Stephen Kinsella has kindly agreed to write a short article for us about his new book Quick Win Economics. This is a great book for those who want to explore economics in the context of daily life.
QUICK WIN ECONOMICS, Oaktree Press, 2011
by Stephen Kinsella, Lecturer in Economics, University of Limerick.
Q: What is this book about?
Quickwin Economics looks at the 100 most common questions asked in economics and gives short, commonsense answers, normally with a chart, graph, or example to back these answers up. The emphasis is on rapid understanding of the key elements of an idea, with links to further readings, other important concepts, or real world examples given just after every entry.
Q: Who is it for?
The book is written to be halfway between a Wikipedia entry and a textbook. It portrays economics as an unfinished conversation rather than a canon of knowledge. Economics as it exists today is as full of contradictions as it is full of promise and insight. Readers will get a sense of this from the book.
Q: Can you give us a feel for the book?
Sure. Here’s something I wrote for the book about Monetary Policy. It’s an extra entry, but you’ll get the idea of the book right away.
Can the government manage the economy through monetary policy?
Monetary policy is a set of tools that governments use to control the levels of spending in an economy. By setting interest rates and reserve rates on levels of funds that banks must have to meet withdrawals, by buying and selling government-backed securities, by deciding how much money to allow into circulation, and by providing credit to private banks, central banks use the instruments of monetary policy to try and keep the economy ‘on track’.
So, if the economy is in a slump, central banks can reduce the interest rates at which they lend money to private banks, allowing private banks to lend more cheaply, so increasing the amount of credit in the productive parts of the economy, because banks lend more to more people, and the economy gets stimulated.
If the economy is going ‘off track’, and inflation is rising as a result, then the central bank can increase interest rates to private banks, making loans more expensive, and ensuring the economy stays ‘on track’, that is, close to its potential output.
If the central bank wants to reduce the money supply, it can start selling long-dated bonds to the public (usually via private banks and lending institutions), which buyers pay for by using their deposits of cash. Banks thus have less money on their books to lend with, and so the volume of lending drops, followed (in theory) by a drop in productive activity in the real economy.
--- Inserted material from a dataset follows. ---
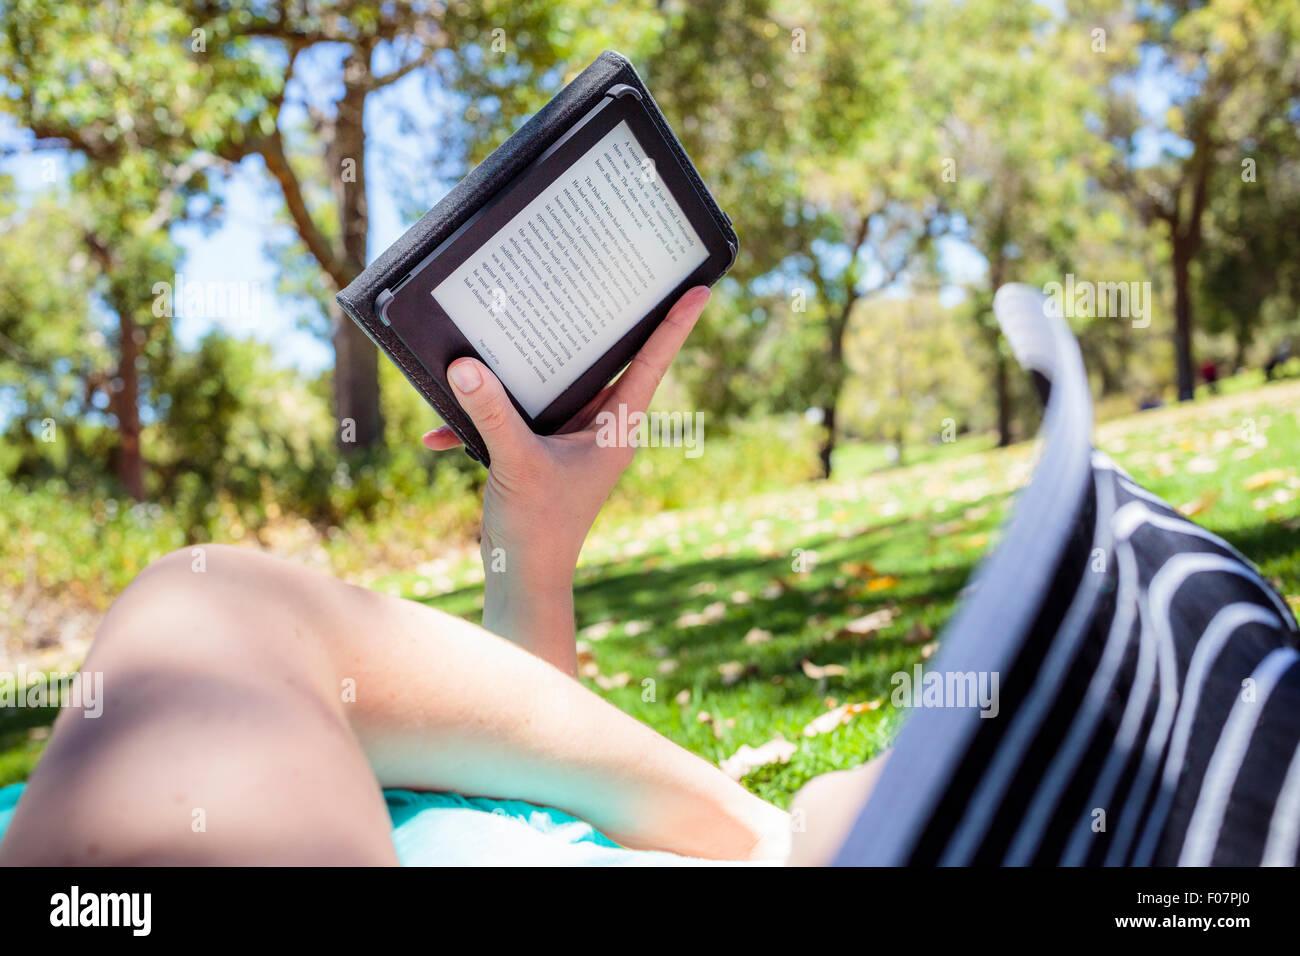 Une femme dans un parc de lire un livre sur un e-reader Photo Stock

Monetary policy is not a science, but rather an art – and does not always work as intended. In an era of globalised money, the inflows and outflows of currency make operating a domestic monetary policy extremely difficult, even for a large country like the United States. There are many other difficulties besides, including lags between the setting of monetary policy in a central bank, and its effect on the real world, and the existence of financial ‘innovation’, where private banks and lending institutions produce ‘new’ and unregulated financial products, which make the imposition of credit controls very difficult, if not impossible.